2

My dataset contains a set of samples from a set of normal RVs. Each RV is normally distributed with equal variances and varying means. However, I have only two samples from each RV.

How to estimate the variance in this case?

2 Answers2

2

These data can be described by two variables: one, a categorical variable $x$, identifies each random variable. Another, $Y$, gives an observation in the sample. Thus, in a tabular rendering of your dataset you would see two columns--one for the sample and another for the result--and two rows for each sample.

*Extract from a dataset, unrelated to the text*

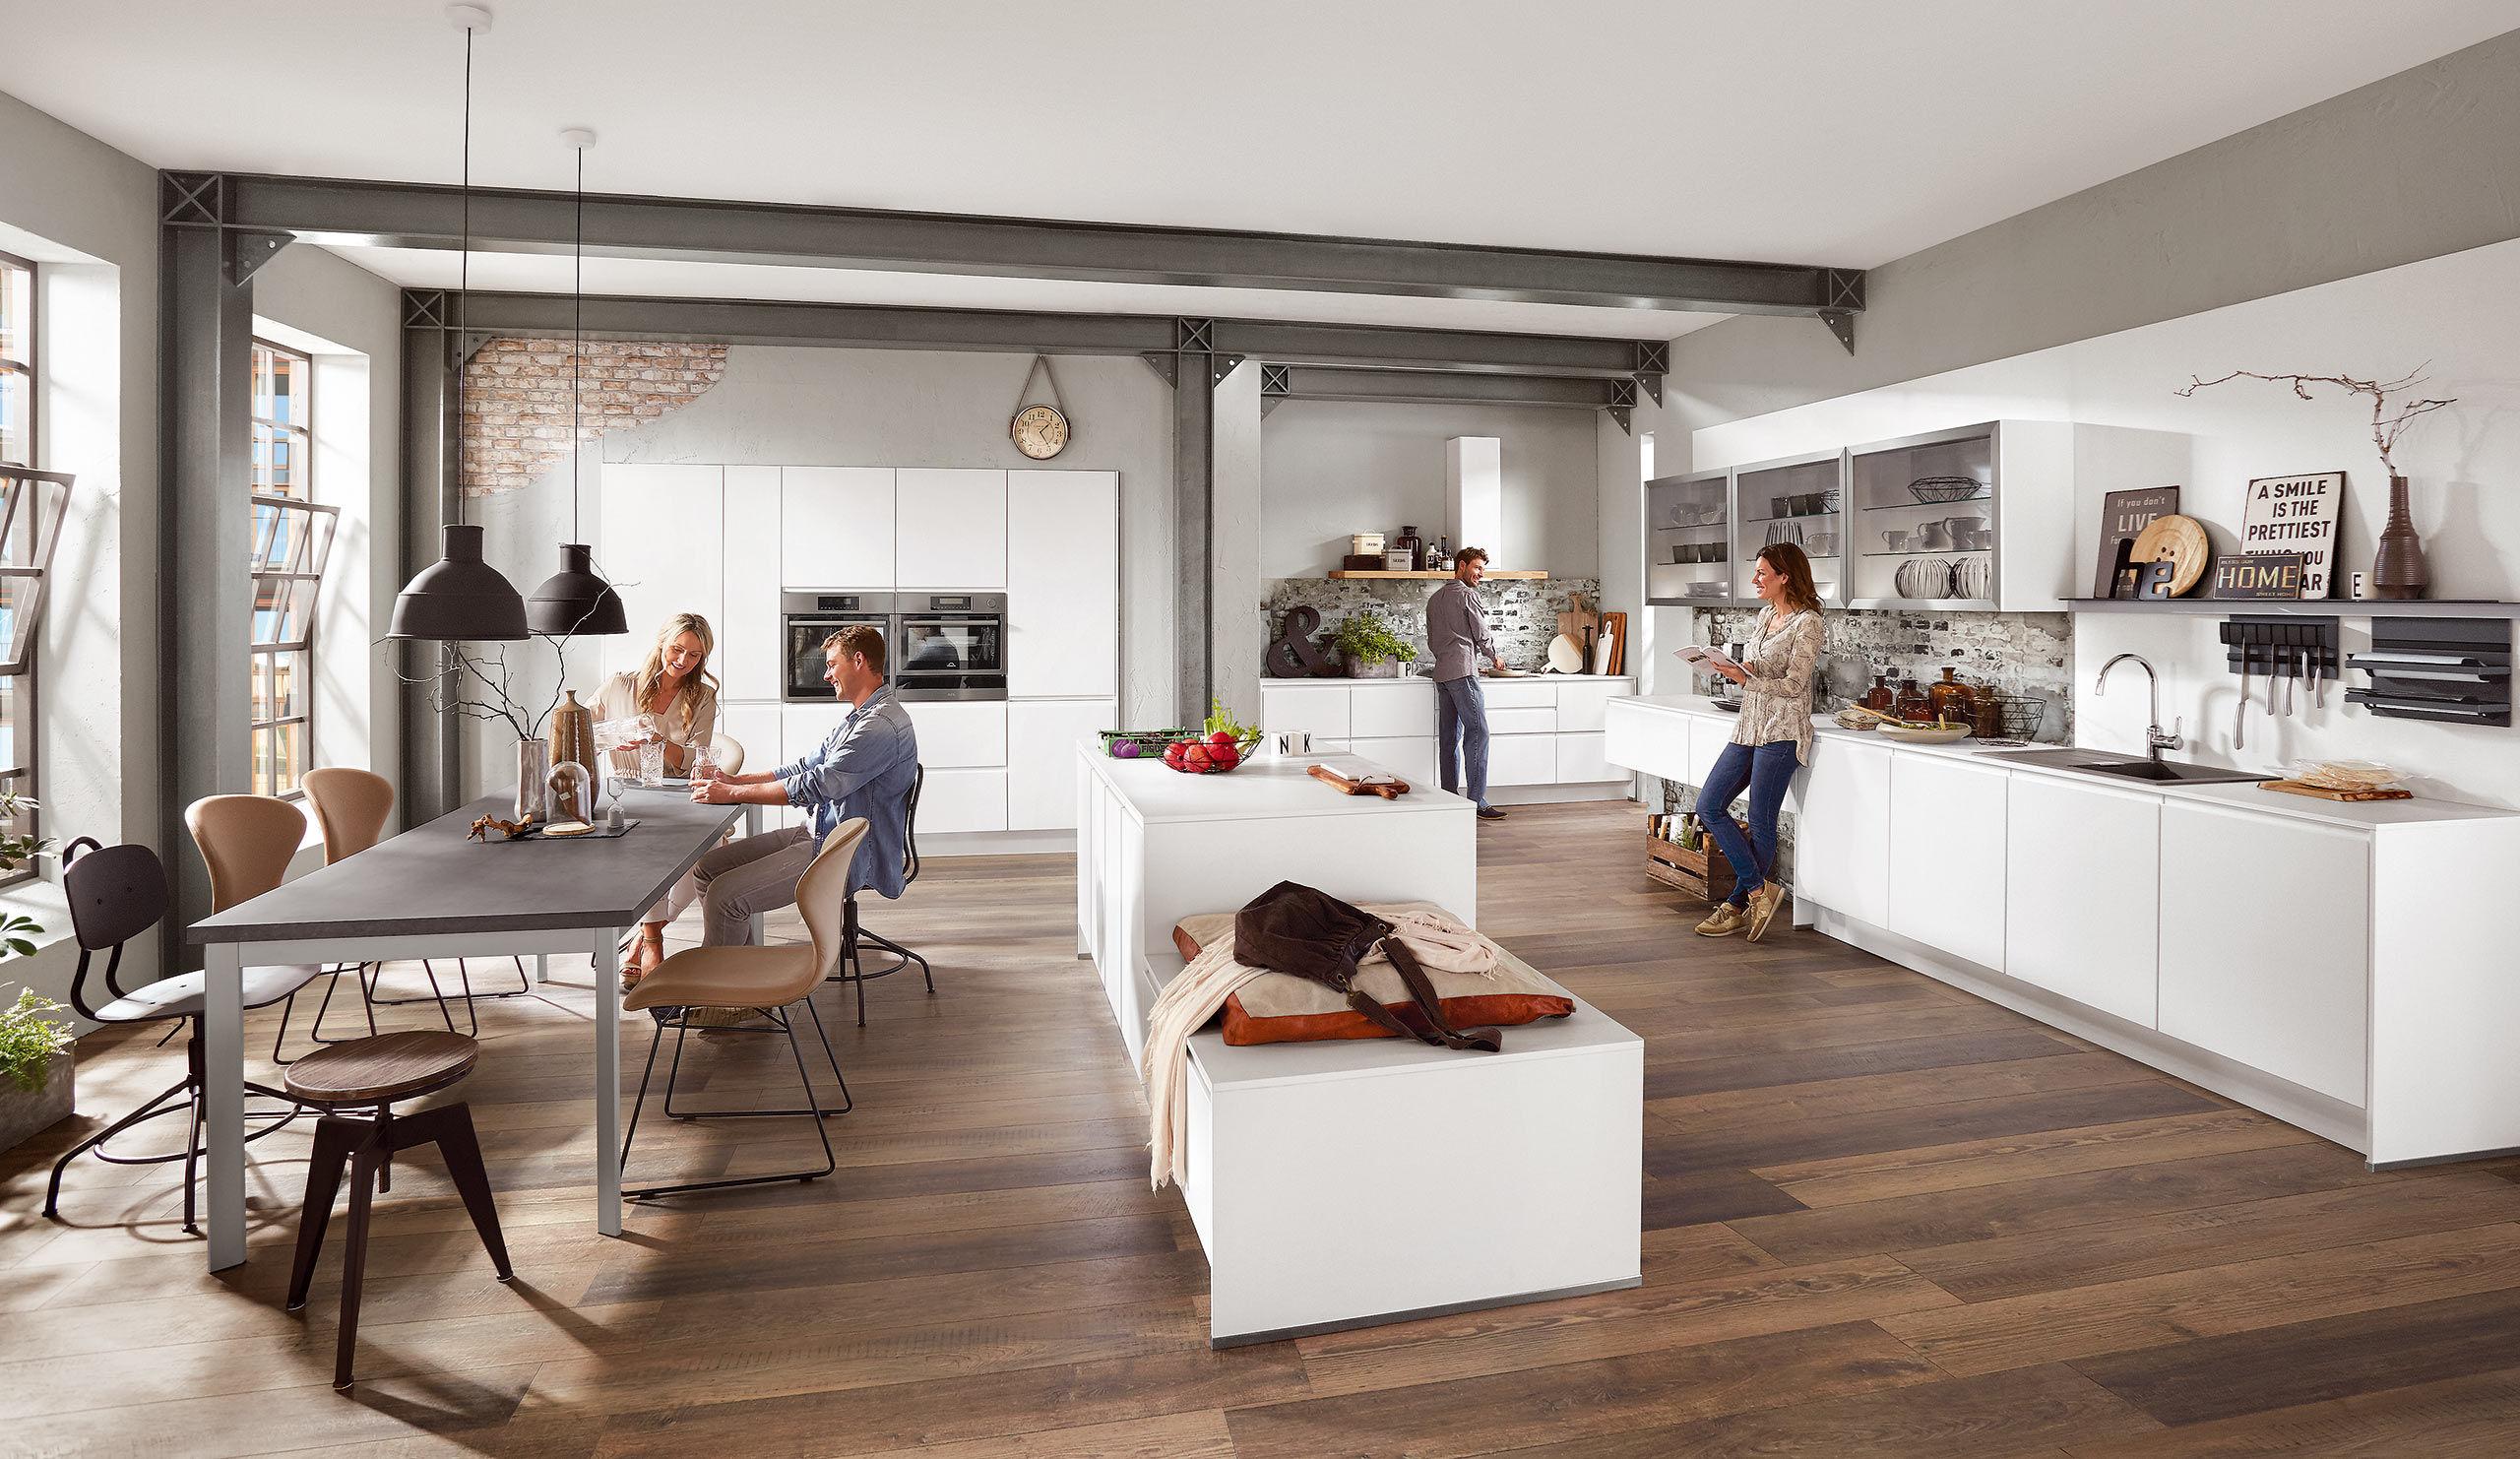 Full Size of Ikea Küche Planen Lassen Kosten Deckenbeleuchtung Küche Planen Küche Planen Software Online Küche Planen Und Kaufen Küche Küche Planen

Your model allows the mean $\mu$ to vary with $x$:

$$Y(x) \sim \operatorname{Normal}(\mu(x), \sigma^2).$$

Equivalently,

$$E[Y(x)] = \mu(x) + \varepsilon(x)$$

where the $\varepsilon(x)$ are independent and identically distributed Normal$(0,\sigma^2)$ variables. This is the standard regression setting.

Arbitrarily writing one observation from each sample of the random variable $x$ as $y_1(x)$ and the other as $y_2(x),$ the (unbiased) least squares estimate of $\sigma^2$ is

$$\hat\sigma^2 = \frac{1}{2n}\sum_{x} (y_1(x) - y_2(x))^2.$$

In retrospect this is obvious because $y_1(x)-y_2(x)$ have Normal$(0,2\sigma^2)$ distributions and are independent.

whuber
  • 281,159
  • 54
  • 637
  • 1,101
  • This is what I needed. I'm just still not sure how you derived the (unbiased) least squares estimate of the variance. Similarly, how would that generalize if you had 3 samples from each RV as opposed to only 2? – Marcelo Mattar Mar 21 '18 at 22:54
  • 2
    The result is a straightforward application of the usual least squares formulae: see https://stats.stackexchange.com/questions/20227 or https://stats.stackexchange.com/questions/76738, for instance. Alternatively, you could look up standard ANOVA formulae. The unbiasedness of this estimator of $\sigma^2$ is evident because the expectation of $(Y_1(x)-Y_2(x))^2$ is the variance of a Normal$(0,2\sigma^2)$ variable, whence the sum of $n$ such expectations is $n$ times this variance, or $2n\sigma^2.$ – whuber Mar 21 '18 at 23:23
0

Recall (population) variance is a measure of variability around a (population) mean.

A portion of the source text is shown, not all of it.